Some other things to do with legacy keys that need addressing:

There need to be consistent, well labeled test vectors, common between all SDKs
- MNEMONIC3_STRING is an unacceptable name. There should be legacyV1MnemonicString, and legacyV2MnemonicString, or similarly descriptive names

litt3 commented 1 year ago

Before this goes into effect, we will need to resolve the ECDSA naming discussion. Should we specify the secp256k1 curve in newly created functions, or stick with the existing ambiguous naming?

Argument for excluding the curve from new function names:

all existing function/variable names simply say ECDSA without specifying curve

Argument for including curve in new function names:

the protobufs already specify curve. this ambiguity is a problem with the SDKs specifically
new ECDSA curves may be added in the future, which would make everything named simply ECDSA problematic

petreze commented 1 year ago

@alittley During the implementation of the test vectors for SLIP-10, BIP-39 and BIP-32, we've discovered that we do not support the generation of the xpub and xprv keys menitoned here inside the BIP-32 specs. As far as I understand, BIP-32 is basically the standard upon which we derive ECDSA child keys for HD(Hierarchical Deterministic) wallets based on the BIP-39 standard? Can you verify if this is true?

litt3 commented 1 year ago

BIP-39 defines how to generate mnemonic phrases, and how to turn these into seeds
BIP-32 defines how to turn a seed into a master key, and how to derive child keys (ECDSA_secp256k1)
SLIP-10 extends BIP-32 to also work with Ed25519
BIP-44 defines the structure of HD wallets, compatible with BIP-32 and SLIP-10

I hadn't noticed that the BIP-32 test vectors relied on an encoding we don't have 🤔 I think it's ok for now that the BIP-32 test vectors aren't implemented, since SLIP10 provides alternative vectors for Ed25519 and ECDSA_secp256k1, which don't rely on that extended key encoding.

ochikov commented 1 year ago

@petreze @alittley Guys, do you think that we can start implementing the refactoring soon? What about the curve into the name of the functions?

litt3 commented 1 year ago

@ochikov I see the following things that must be completed:

Resolution of the 3 questions listed in the issue body
Acknowledgement from someone familiar with each SDK that the proposal is sensible, and that there are no outstanding concerns (perhaps we already have this?)
Definition of additional common test vectors
- I edited the issue body to explicitly call out which additional vectors I think are necessary. These are needed, since the BIP and SLIP test vectors don't take our specific derivation path into account

SimiHunjan commented 1 year ago

1/10/2023

Add new name convention for ECDSA key functions to be consistent for all SDKs ex: ECDSAk256 or ECDSAsecp256k1 (to be voted on)
Deprecate old ones and point to the new ones [Future]

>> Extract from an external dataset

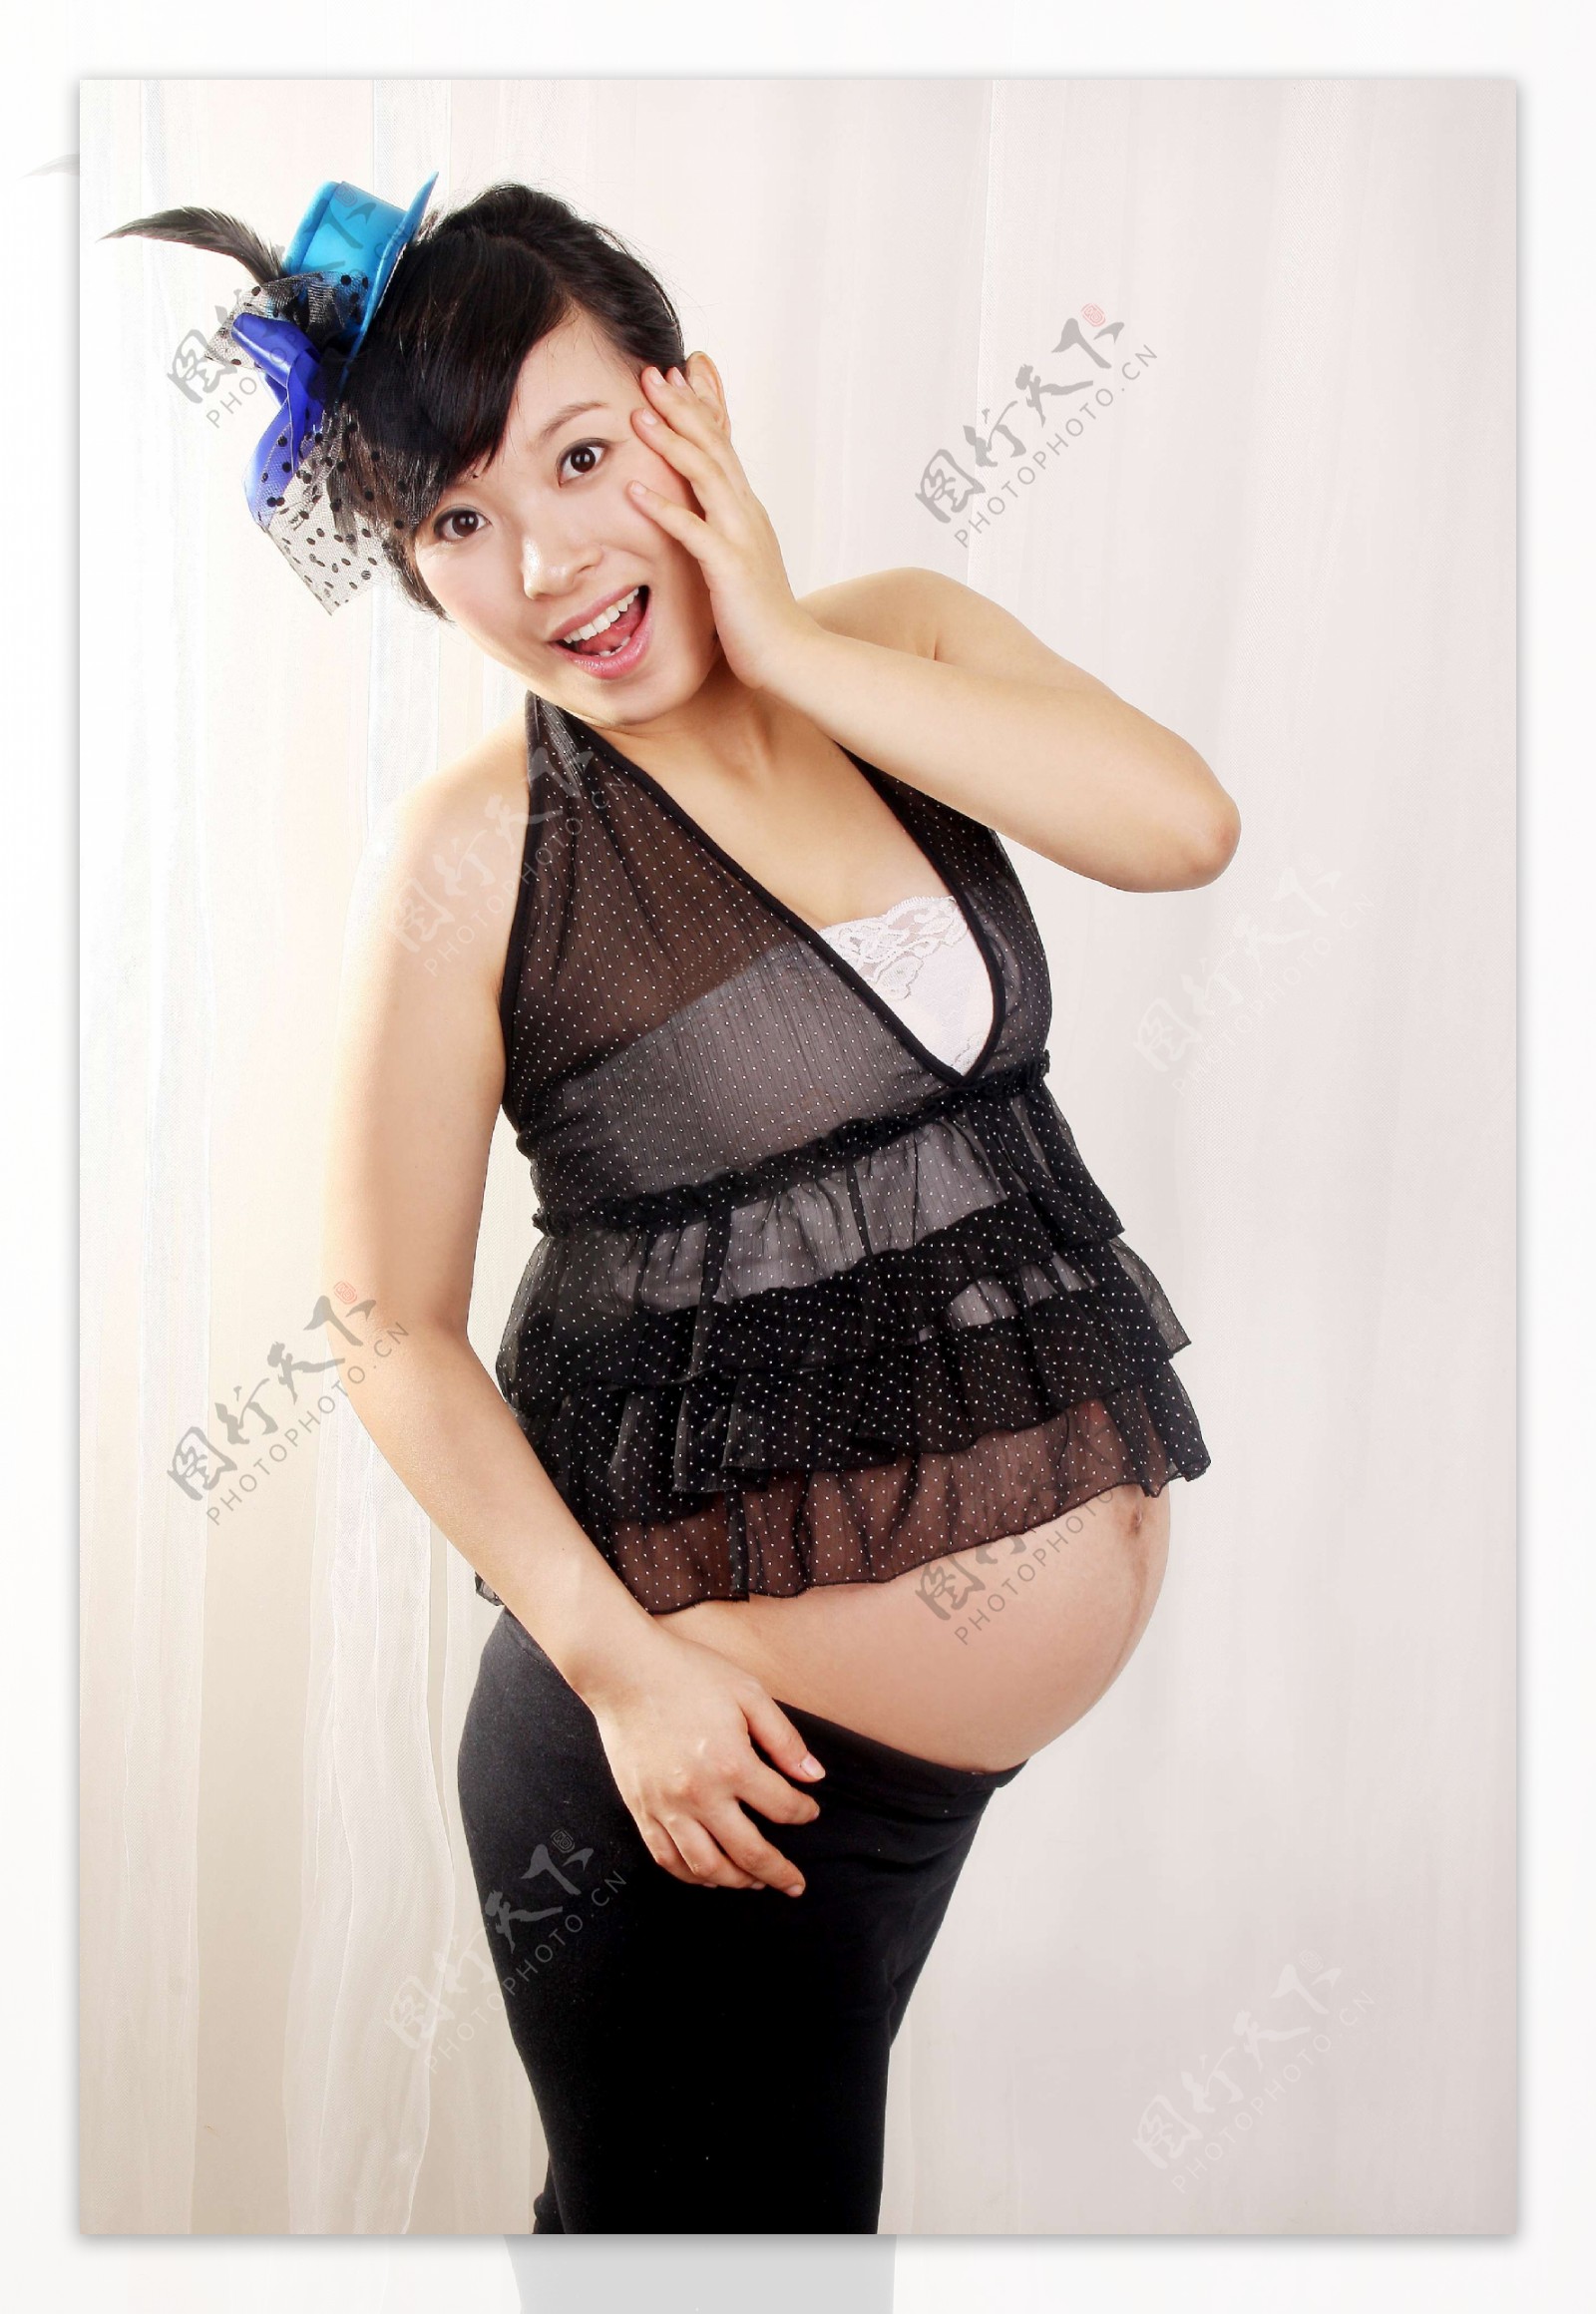 孕妇照片图片
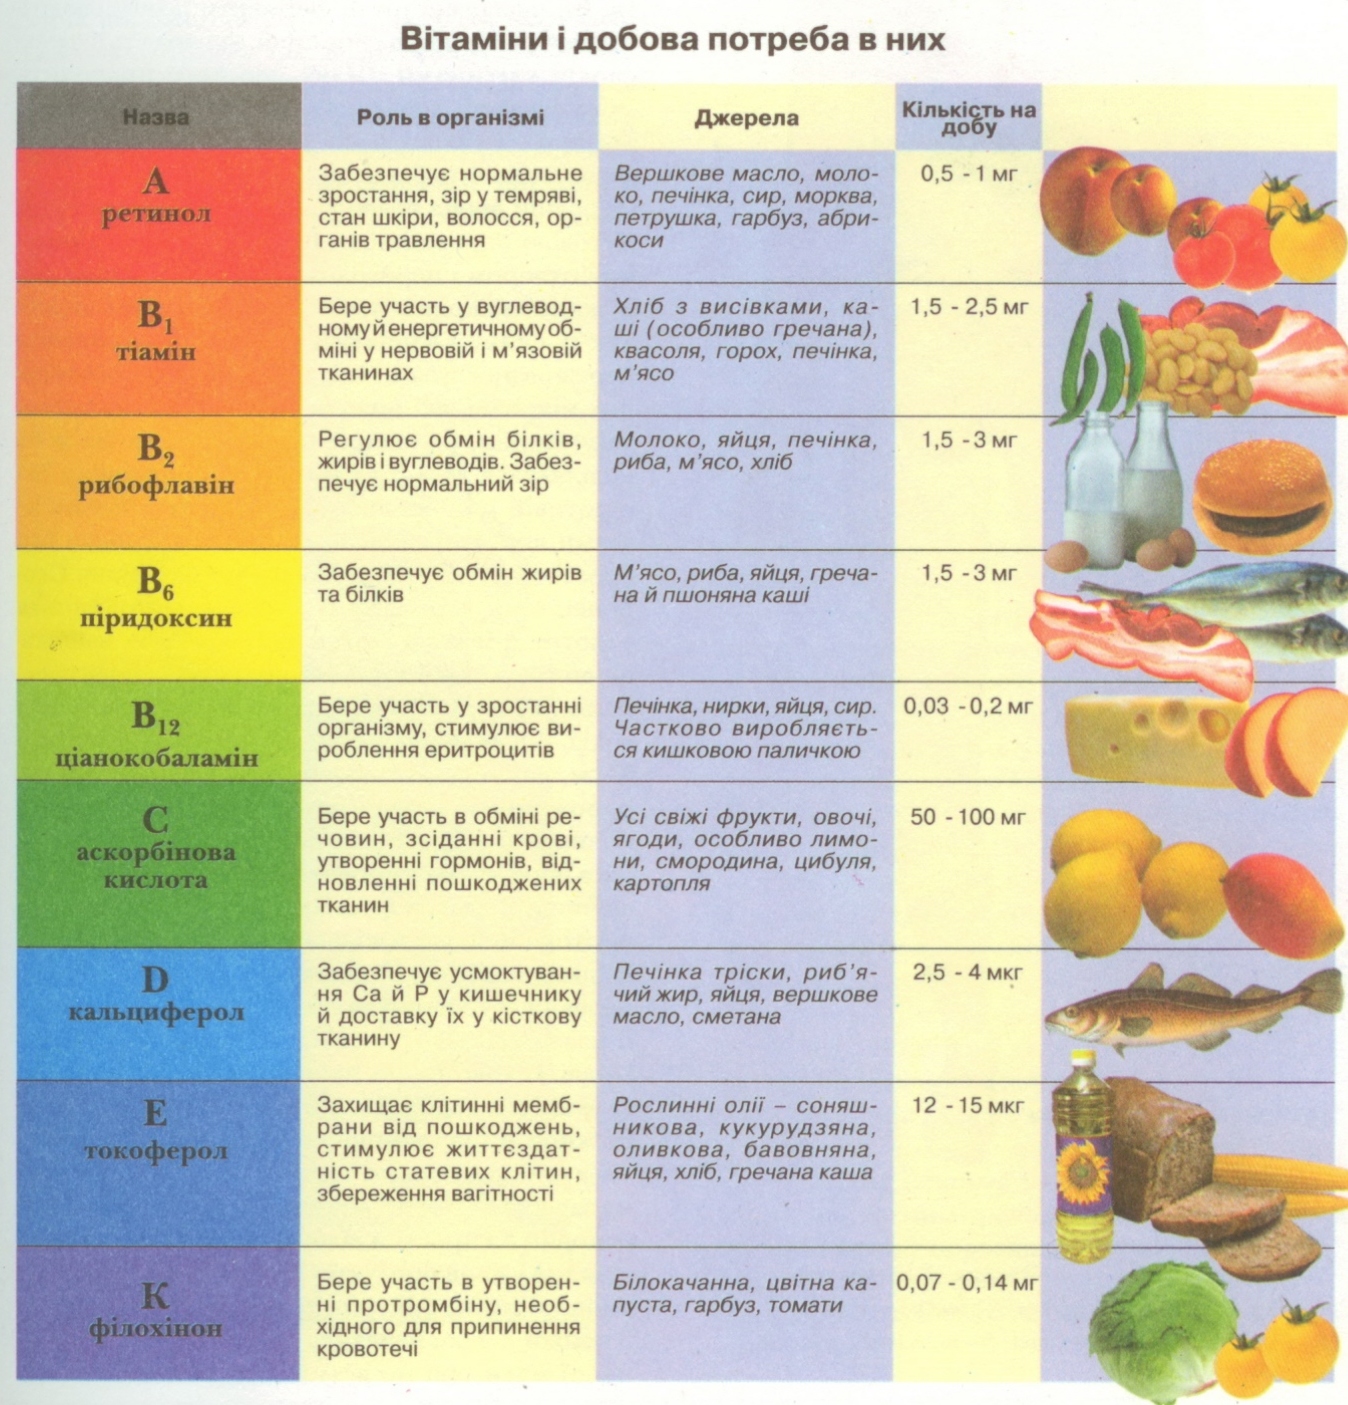 Таблица витаминов в организме человека. Витамины таблица. Тамблица АРОО витамины. Витамины и их заболевания таблица. Таблица витамины продукты заболевания.

1/23/2023 Majority vote: ECDSAsecp256k1 for naming convention

ochikov commented 1 year ago

Answer to the questions from the first post:

PrivateKey.legacyDerived is used for both v1 and v2 legacy derivation. There are tests in all of the SDKs (Java, JS, Go) that use the method. In Java they are:
- MnemonicTest.thirdMnemonicTest: creates a 24-word mnemonic; creates legacy private key (it is v2 because the mnemonic has 24 words); derives 2 keys using legacyDerive()
- MnemonicTest.legacyMnemonicTest: creates a 22-word mnemonic; creates legacy private key (it is v1 because the mnemonic has 22 words); derives 2 keys using legacyDerive()
- MnemonicTest.myHbarWallerV1Test: same as legacyMnemonicTest but uses different derivation index
I consider that isLegacy can be removed

Additional questions:

Should we change ECDSA to ECDSAsecp256k1 only in the new function toStandardECDSAsecp256k1PrivateKey or change all instances of ECDSA(methods and classes)?
Do we need to create a toHardenedIndex() method or do we expect the users to harden the indexes themselves if they need to? toStandardECDSAsecp256k1PrivateKey("", 2147483648) vs toStandardECDSAsecp256k1PrivateKey("", toHardenedIndex(0) . If it is needed, should it be in the PrivateKeyECDSA, the Mnemonic or a Utils class?
Should we change Mnemonic.toLegacyPrivateKey? In Java it uses the number of words to determine if the private key should be v1 or v2. In JS it uses the isLegacy flag. Also do we need to change the implementation or create a new method, toStandardLegacyPrivateKey, which extracts the private key from the mnemonic and then derives the correct path m/44'/3030'/0'/0'/index'?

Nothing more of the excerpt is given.